I am the user who created that thread :wink:. Just remember that ignored or not, the files will still count and add up to the overall DB size.

Hello @tomasz86. Which solution did you choose finally, as we are facing very similar constraints ?

Well, this may not be ideal, but I took drastic measures and split my previously quite large folders into multiple smaller ones, and since then have been deciding which to sync on a per-device basis. My folder count have basically gone up from less than 10 to 30+, but I am happy with this approach.

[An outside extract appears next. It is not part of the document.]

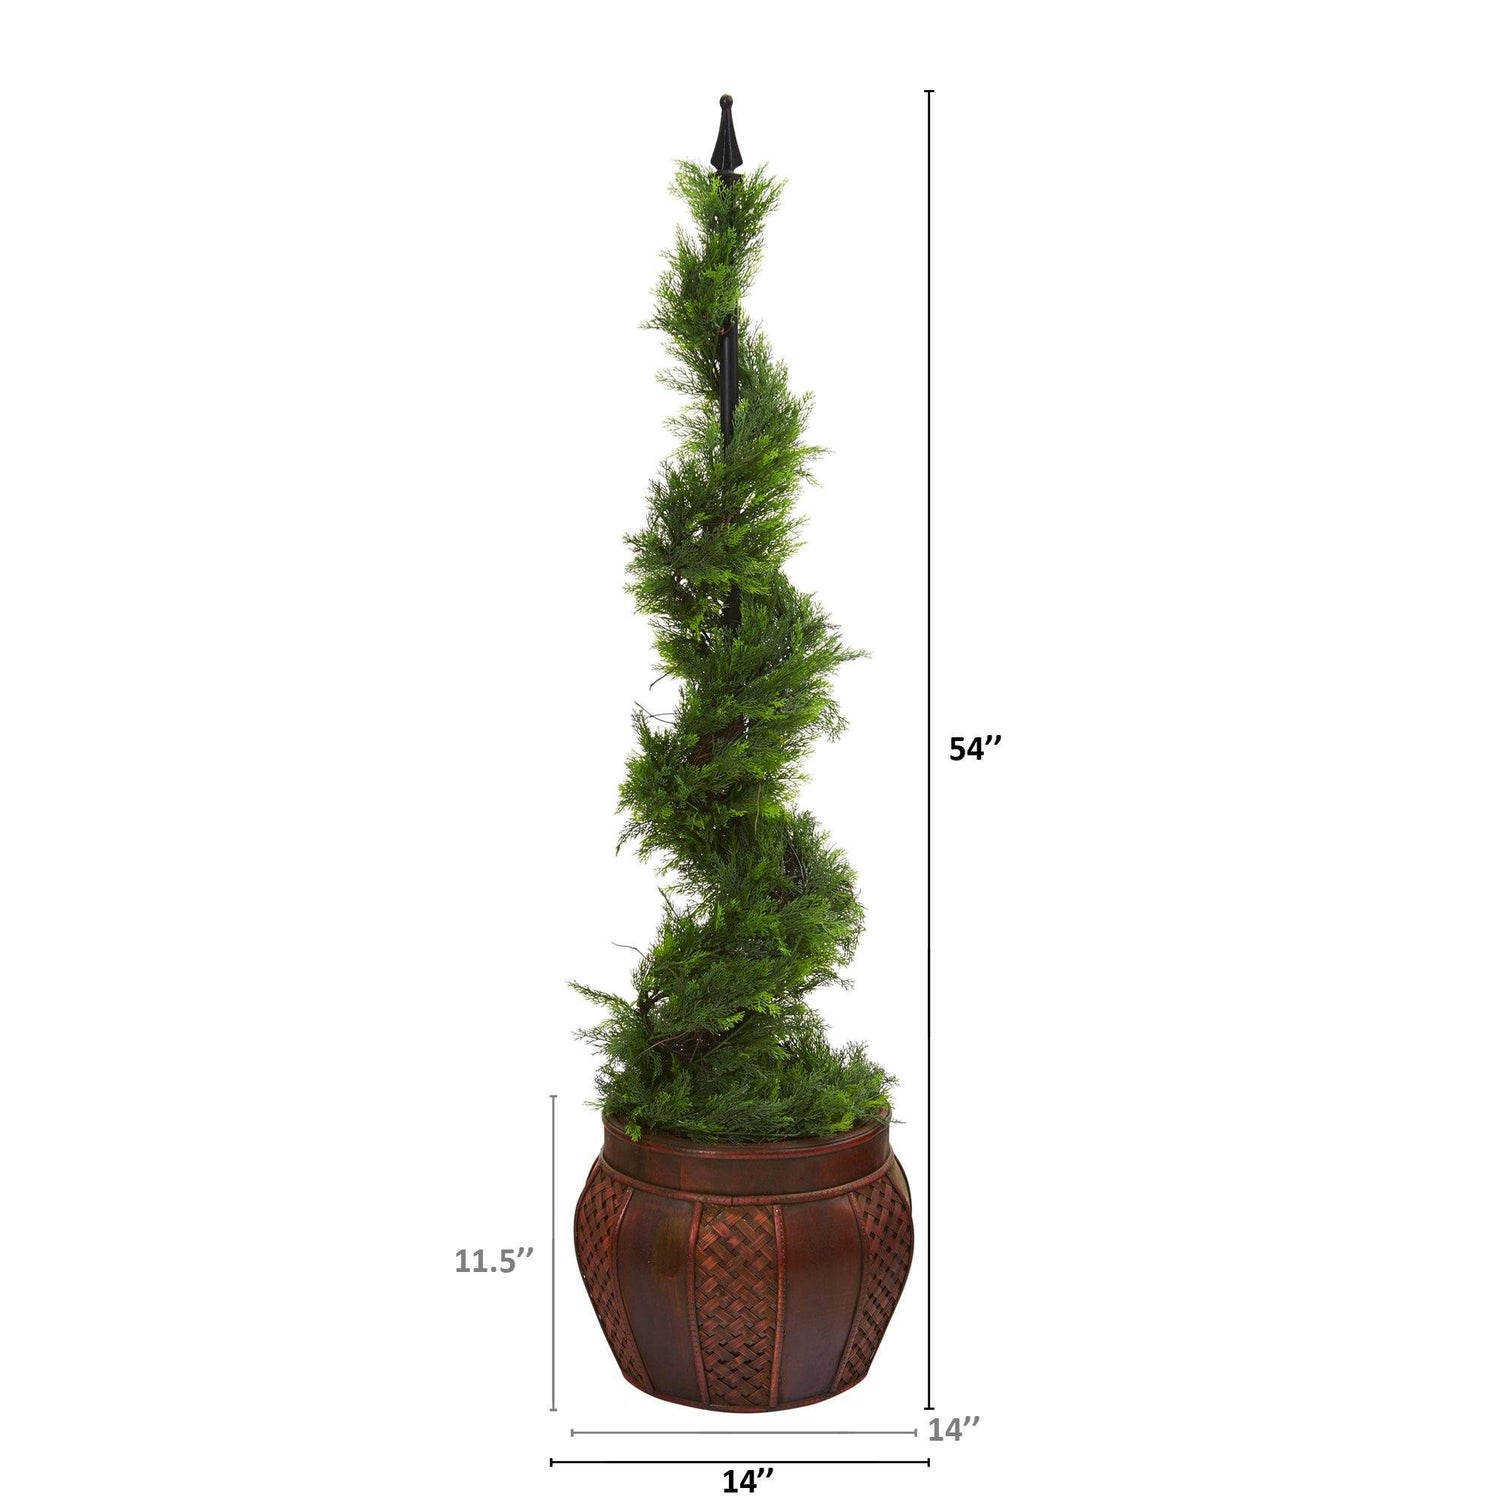 4.5’ Cypress Artificial Spiral Topiary Tree in Decorative Planter

I have more control without fiddling around with complex ignore patterns, and the footprint is much smaller too.

Also, when it comes to the Android devices under my control, I have began to use a self-compiled CLI binary of Syncthing instead of the APK. This way, I can store the database wherever I like, e.g. on /sdcard which is usually the largest partition there. For comparison, the APK stores the database on /data, which especially on older devices can be very limited in size.

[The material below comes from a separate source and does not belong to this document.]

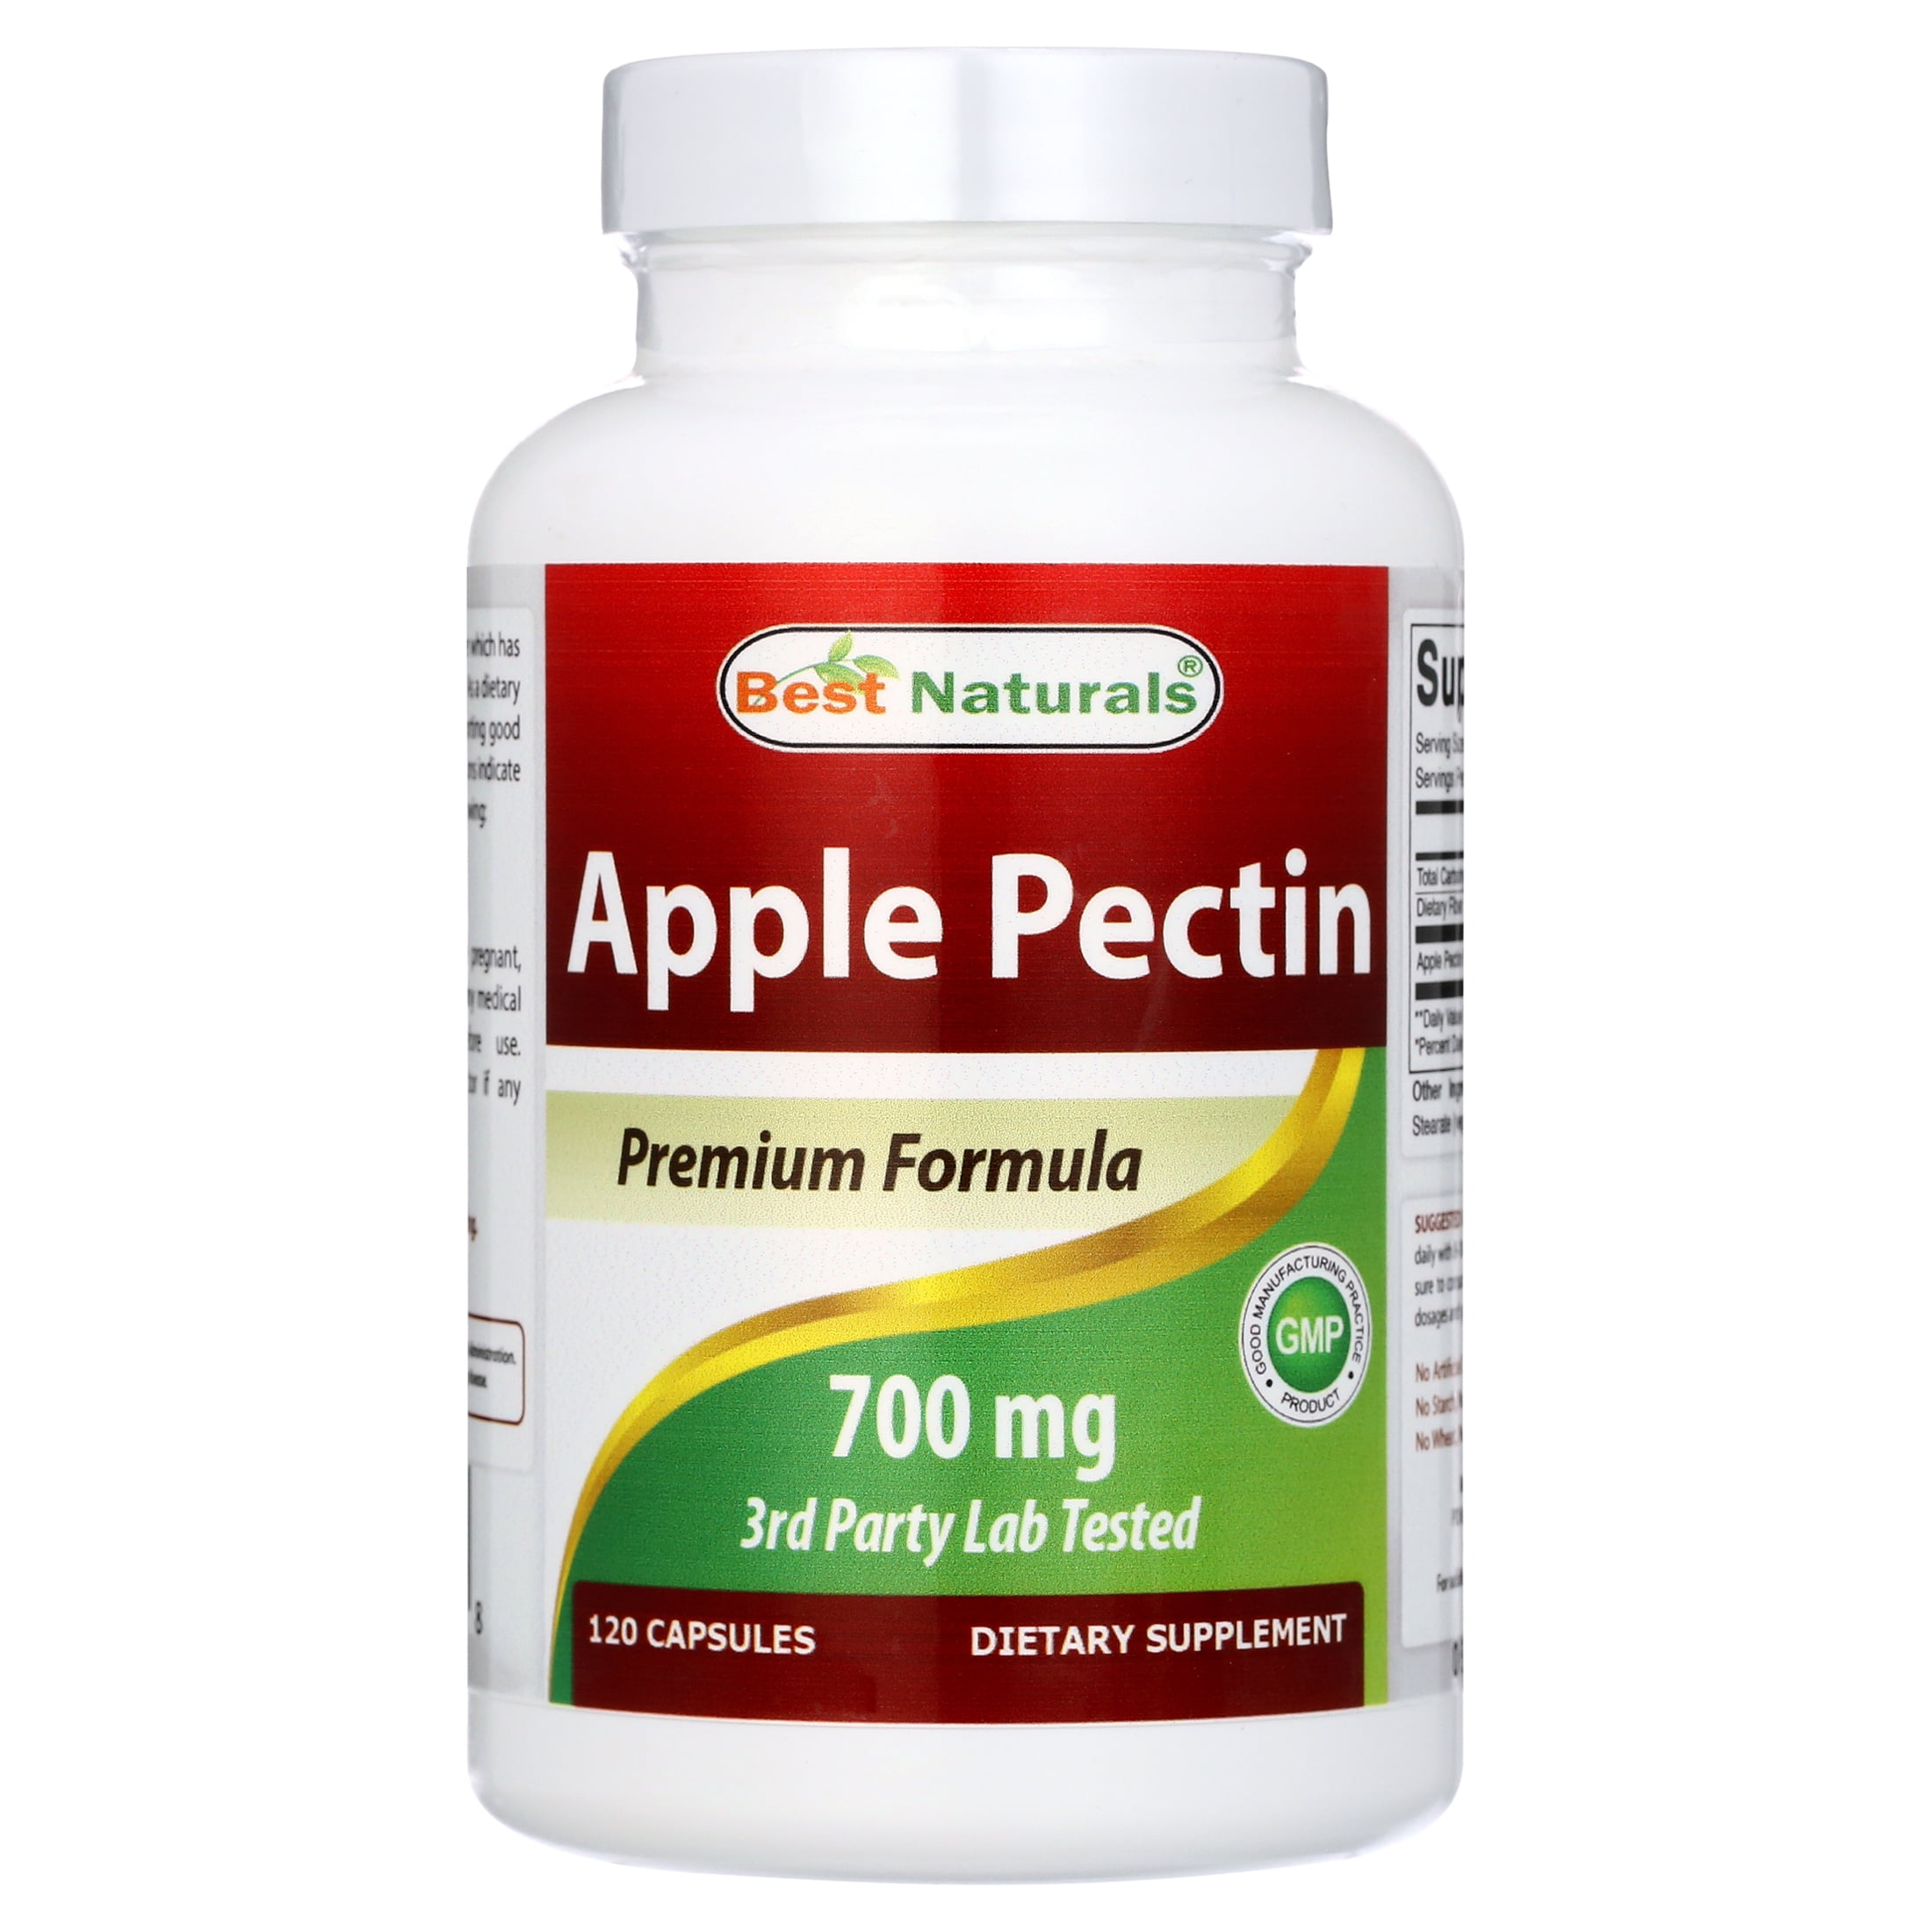 Buy Pecvit Products Online at Best Prices in India

@tomasz86 any experience using syncthing with termux?

with it, you could easily setup the data path to the sdcard without needing to compile anything.

although on newer devices it will be limited to the data folder due to some android 10 limitations termux is still facing.

i’m also curious if you had that experience before deciding to compile and why. :grin:

Yeah, I know about termux, but the problem is that some of the devices are too old for that. Termux at the moment requires Android 7.0+, while here I have Android 4.1 and such. I could use termux on those that run newer Androids, but running the same custom-compiled version on everything is less of a hassle, eventually.

Just for the record, you can also extract libsyncthing.so from the official APK and use that in the command line without compiling your own binary. The only drawback is the lack of automatic updates. Still, I have stuck to my own binaries due to some other custom tweaks that I started to apply to the code at the same time.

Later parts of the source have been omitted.